What is required:
Reproduce the data that follows in its entirety, character for character.

Listed entries:

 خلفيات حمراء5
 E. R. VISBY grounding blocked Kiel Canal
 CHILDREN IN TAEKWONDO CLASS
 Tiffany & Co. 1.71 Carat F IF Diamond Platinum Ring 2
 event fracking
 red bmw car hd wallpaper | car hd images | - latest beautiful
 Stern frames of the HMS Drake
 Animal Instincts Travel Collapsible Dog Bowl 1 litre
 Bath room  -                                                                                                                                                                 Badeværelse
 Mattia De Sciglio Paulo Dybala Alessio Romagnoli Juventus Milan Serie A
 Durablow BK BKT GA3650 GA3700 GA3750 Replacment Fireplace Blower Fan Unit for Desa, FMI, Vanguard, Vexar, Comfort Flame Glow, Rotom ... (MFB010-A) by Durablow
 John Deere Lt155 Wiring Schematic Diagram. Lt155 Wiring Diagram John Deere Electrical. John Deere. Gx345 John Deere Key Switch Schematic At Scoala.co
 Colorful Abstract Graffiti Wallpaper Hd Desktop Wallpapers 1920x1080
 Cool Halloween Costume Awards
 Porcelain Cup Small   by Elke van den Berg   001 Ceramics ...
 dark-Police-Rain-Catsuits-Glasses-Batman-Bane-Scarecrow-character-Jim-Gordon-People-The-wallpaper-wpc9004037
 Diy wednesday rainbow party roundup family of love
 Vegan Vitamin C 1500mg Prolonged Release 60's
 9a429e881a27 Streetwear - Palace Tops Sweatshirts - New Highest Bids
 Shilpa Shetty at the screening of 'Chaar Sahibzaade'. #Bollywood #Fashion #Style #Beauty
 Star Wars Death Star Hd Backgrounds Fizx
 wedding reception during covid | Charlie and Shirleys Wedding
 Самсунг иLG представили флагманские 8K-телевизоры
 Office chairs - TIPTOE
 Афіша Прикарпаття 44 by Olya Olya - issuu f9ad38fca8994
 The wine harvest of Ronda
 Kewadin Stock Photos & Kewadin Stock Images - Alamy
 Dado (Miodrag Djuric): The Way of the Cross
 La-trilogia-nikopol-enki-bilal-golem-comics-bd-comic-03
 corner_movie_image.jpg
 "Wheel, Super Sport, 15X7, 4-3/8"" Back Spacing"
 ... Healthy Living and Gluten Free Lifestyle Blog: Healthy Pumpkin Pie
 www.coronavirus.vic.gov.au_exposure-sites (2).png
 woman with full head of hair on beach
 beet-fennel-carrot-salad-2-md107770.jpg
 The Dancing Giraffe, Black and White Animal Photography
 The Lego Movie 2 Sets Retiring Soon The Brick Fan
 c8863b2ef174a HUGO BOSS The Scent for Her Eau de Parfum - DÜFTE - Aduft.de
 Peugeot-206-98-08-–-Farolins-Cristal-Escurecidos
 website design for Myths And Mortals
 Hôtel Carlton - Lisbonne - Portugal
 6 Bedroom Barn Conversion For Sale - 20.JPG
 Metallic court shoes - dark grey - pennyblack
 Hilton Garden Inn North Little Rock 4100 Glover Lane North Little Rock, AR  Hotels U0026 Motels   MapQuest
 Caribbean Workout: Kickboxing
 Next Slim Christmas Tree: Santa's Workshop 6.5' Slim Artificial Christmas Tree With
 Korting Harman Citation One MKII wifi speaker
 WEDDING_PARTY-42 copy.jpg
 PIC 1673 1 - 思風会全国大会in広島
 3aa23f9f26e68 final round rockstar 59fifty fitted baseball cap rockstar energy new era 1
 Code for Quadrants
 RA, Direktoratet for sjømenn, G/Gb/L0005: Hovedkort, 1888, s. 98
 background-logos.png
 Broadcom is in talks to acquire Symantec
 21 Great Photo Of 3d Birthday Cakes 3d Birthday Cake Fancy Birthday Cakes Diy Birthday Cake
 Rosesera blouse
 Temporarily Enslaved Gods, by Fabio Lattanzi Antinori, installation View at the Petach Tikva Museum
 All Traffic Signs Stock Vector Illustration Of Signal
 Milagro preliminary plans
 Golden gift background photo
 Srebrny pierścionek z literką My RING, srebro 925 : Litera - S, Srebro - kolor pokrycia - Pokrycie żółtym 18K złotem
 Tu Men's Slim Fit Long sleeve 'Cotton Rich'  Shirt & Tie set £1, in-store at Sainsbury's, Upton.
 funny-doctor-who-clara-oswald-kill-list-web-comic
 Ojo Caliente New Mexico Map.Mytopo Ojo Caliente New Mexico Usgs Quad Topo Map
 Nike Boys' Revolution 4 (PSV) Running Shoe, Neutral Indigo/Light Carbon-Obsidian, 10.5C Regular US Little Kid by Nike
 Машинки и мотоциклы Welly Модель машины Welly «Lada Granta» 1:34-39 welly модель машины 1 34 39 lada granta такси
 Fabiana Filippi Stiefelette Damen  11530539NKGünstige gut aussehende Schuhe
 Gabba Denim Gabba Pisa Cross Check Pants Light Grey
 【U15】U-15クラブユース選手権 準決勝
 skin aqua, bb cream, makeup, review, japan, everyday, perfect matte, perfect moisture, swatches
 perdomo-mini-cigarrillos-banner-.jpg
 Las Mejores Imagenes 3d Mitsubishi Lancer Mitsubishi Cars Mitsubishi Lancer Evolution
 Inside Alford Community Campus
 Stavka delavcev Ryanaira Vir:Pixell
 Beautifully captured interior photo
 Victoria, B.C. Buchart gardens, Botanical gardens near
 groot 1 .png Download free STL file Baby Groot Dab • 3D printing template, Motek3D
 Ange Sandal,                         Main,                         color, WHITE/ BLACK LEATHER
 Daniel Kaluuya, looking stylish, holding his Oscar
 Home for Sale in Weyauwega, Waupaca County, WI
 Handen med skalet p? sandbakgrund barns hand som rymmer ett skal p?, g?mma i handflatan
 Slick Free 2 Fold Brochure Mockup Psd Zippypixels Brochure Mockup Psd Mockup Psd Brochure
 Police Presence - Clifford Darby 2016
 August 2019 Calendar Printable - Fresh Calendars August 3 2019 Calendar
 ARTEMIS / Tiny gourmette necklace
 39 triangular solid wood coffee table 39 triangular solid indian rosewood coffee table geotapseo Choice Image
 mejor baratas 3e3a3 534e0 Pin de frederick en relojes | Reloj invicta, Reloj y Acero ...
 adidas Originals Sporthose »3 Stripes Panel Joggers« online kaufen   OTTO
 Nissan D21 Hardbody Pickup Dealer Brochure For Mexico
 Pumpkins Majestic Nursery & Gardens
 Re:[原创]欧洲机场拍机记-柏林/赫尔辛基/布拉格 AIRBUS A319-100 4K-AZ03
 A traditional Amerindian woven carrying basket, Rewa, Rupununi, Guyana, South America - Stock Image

Result of the task:
 خلفيات حمراء5
 E. R. VISBY grounding blocked Kiel Canal
 CHILDREN IN TAEKWONDO CLASS
 Tiffany & Co. 1.71 Carat F IF Diamond Platinum Ring 2
 event fracking
 red bmw car hd wallpaper | car hd images | - latest beautiful
 Stern frames of the HMS Drake
 Animal Instincts Travel Collapsible Dog Bowl 1 litre
 Bath room  -                                                                                                                                                                 Badeværelse
 Mattia De Sciglio Paulo Dybala Alessio Romagnoli Juventus Milan Serie A
 Durablow BK BKT GA3650 GA3700 GA3750 Replacment Fireplace Blower Fan Unit for Desa, FMI, Vanguard, Vexar, Comfort Flame Glow, Rotom ... (MFB010-A) by Durablow
 John Deere Lt155 Wiring Schematic Diagram. Lt155 Wiring Diagram John Deere Electrical. John Deere. Gx345 John Deere Key Switch Schematic At Scoala.co
 Colorful Abstract Graffiti Wallpaper Hd Desktop Wallpapers 1920x1080
 Cool Halloween Costume Awards
 Porcelain Cup Small   by Elke van den Berg   001 Ceramics ...
 dark-Police-Rain-Catsuits-Glasses-Batman-Bane-Scarecrow-character-Jim-Gordon-People-The-wallpaper-wpc9004037
 Diy wednesday rainbow party roundup family of love
 Vegan Vitamin C 1500mg Prolonged Release 60's
 9a429e881a27 Streetwear - Palace Tops Sweatshirts - New Highest Bids
 Shilpa Shetty at the screening of 'Chaar Sahibzaade'. #Bollywood #Fashion #Style #Beauty
 Star Wars Death Star Hd Backgrounds Fizx
 wedding reception during covid | Charlie and Shirleys Wedding
 Самсунг иLG представили флагманские 8K-телевизоры
 Office chairs - TIPTOE
 Афіша Прикарпаття 44 by Olya Olya - issuu f9ad38fca8994
 The wine harvest of Ronda
 Kewadin Stock Photos & Kewadin Stock Images - Alamy
 Dado (Miodrag Djuric): The Way of the Cross
 La-trilogia-nikopol-enki-bilal-golem-comics-bd-comic-03
 corner_movie_image.jpg
 "Wheel, Super Sport, 15X7, 4-3/8"" Back Spacing"
 ... Healthy Living and Gluten Free Lifestyle Blog: Healthy Pumpkin Pie
 www.coronavirus.vic.gov.au_exposure-sites (2).png
 woman with full head of hair on beach
 beet-fennel-carrot-salad-2-md107770.jpg
 The Dancing Giraffe, Black and White Animal Photography
 The Lego Movie 2 Sets Retiring Soon The Brick Fan
 c8863b2ef174a HUGO BOSS The Scent for Her Eau de Parfum - DÜFTE - Aduft.de
 Peugeot-206-98-08-–-Farolins-Cristal-Escurecidos
 website design for Myths And Mortals
 Hôtel Carlton - Lisbonne - Portugal
 6 Bedroom Barn Conversion For Sale - 20.JPG
 Metallic court shoes - dark grey - pennyblack
 Hilton Garden Inn North Little Rock 4100 Glover Lane North Little Rock, AR  Hotels U0026 Motels   MapQuest
 Caribbean Workout: Kickboxing
 Next Slim Christmas Tree: Santa's Workshop 6.5' Slim Artificial Christmas Tree With
 Korting Harman Citation One MKII wifi speaker
 WEDDING_PARTY-42 copy.jpg
 PIC 1673 1 - 思風会全国大会in広島
 3aa23f9f26e68 final round rockstar 59fifty fitted baseball cap rockstar energy new era 1
 Code for Quadrants
 RA, Direktoratet for sjømenn, G/Gb/L0005: Hovedkort, 1888, s. 98
 background-logos.png
 Broadcom is in talks to acquire Symantec
 21 Great Photo Of 3d Birthday Cakes 3d Birthday Cake Fancy Birthday Cakes Diy Birthday Cake
 Rosesera blouse
 Temporarily Enslaved Gods, by Fabio Lattanzi Antinori, installation View at the Petach Tikva Museum
 All Traffic Signs Stock Vector Illustration Of Signal
 Milagro preliminary plans
 Golden gift background photo
 Srebrny pierścionek z literką My RING, srebro 925 : Litera - S, Srebro - kolor pokrycia - Pokrycie żółtym 18K złotem
 Tu Men's Slim Fit Long sleeve 'Cotton Rich'  Shirt & Tie set £1, in-store at Sainsbury's, Upton.
 funny-doctor-who-clara-oswald-kill-list-web-comic
 Ojo Caliente New Mexico Map.Mytopo Ojo Caliente New Mexico Usgs Quad Topo Map
 Nike Boys' Revolution 4 (PSV) Running Shoe, Neutral Indigo/Light Carbon-Obsidian, 10.5C Regular US Little Kid by Nike
 Машинки и мотоциклы Welly Модель машины Welly «Lada Granta» 1:34-39 welly модель машины 1 34 39 lada granta такси
 Fabiana Filippi Stiefelette Damen  11530539NKGünstige gut aussehende Schuhe
 Gabba Denim Gabba Pisa Cross Check Pants Light Grey
 【U15】U-15クラブユース選手権 準決勝
 skin aqua, bb cream, makeup, review, japan, everyday, perfect matte, perfect moisture, swatches
 perdomo-mini-cigarrillos-banner-.jpg
 Las Mejores Imagenes 3d Mitsubishi Lancer Mitsubishi Cars Mitsubishi Lancer Evolution
 Inside Alford Community Campus
 Stavka delavcev Ryanaira Vir:Pixell
 Beautifully captured interior photo
 Victoria, B.C. Buchart gardens, Botanical gardens near
 groot 1 .png Download free STL file Baby Groot Dab • 3D printing template, Motek3D
 Ange Sandal,                         Main,                         color, WHITE/ BLACK LEATHER
 Daniel Kaluuya, looking stylish, holding his Oscar
 Home for Sale in Weyauwega, Waupaca County, WI
 Handen med skalet p? sandbakgrund barns hand som rymmer ett skal p?, g?mma i handflatan
 Slick Free 2 Fold Brochure Mockup Psd Zippypixels Brochure Mockup Psd Mockup Psd Brochure
 Police Presence - Clifford Darby 2016
 August 2019 Calendar Printable - Fresh Calendars August 3 2019 Calendar
 ARTEMIS / Tiny gourmette necklace
 39 triangular solid wood coffee table 39 triangular solid indian rosewood coffee table geotapseo Choice Image
 mejor baratas 3e3a3 534e0 Pin de frederick en relojes | Reloj invicta, Reloj y Acero ...
 adidas Originals Sporthose »3 Stripes Panel Joggers« online kaufen   OTTO
 Nissan D21 Hardbody Pickup Dealer Brochure For Mexico
 Pumpkins Majestic Nursery & Gardens
 Re:[原创]欧洲机场拍机记-柏林/赫尔辛基/布拉格 AIRBUS A319-100 4K-AZ03
 A traditional Amerindian woven carrying basket, Rewa, Rupununi, Guyana, South America - Stock Image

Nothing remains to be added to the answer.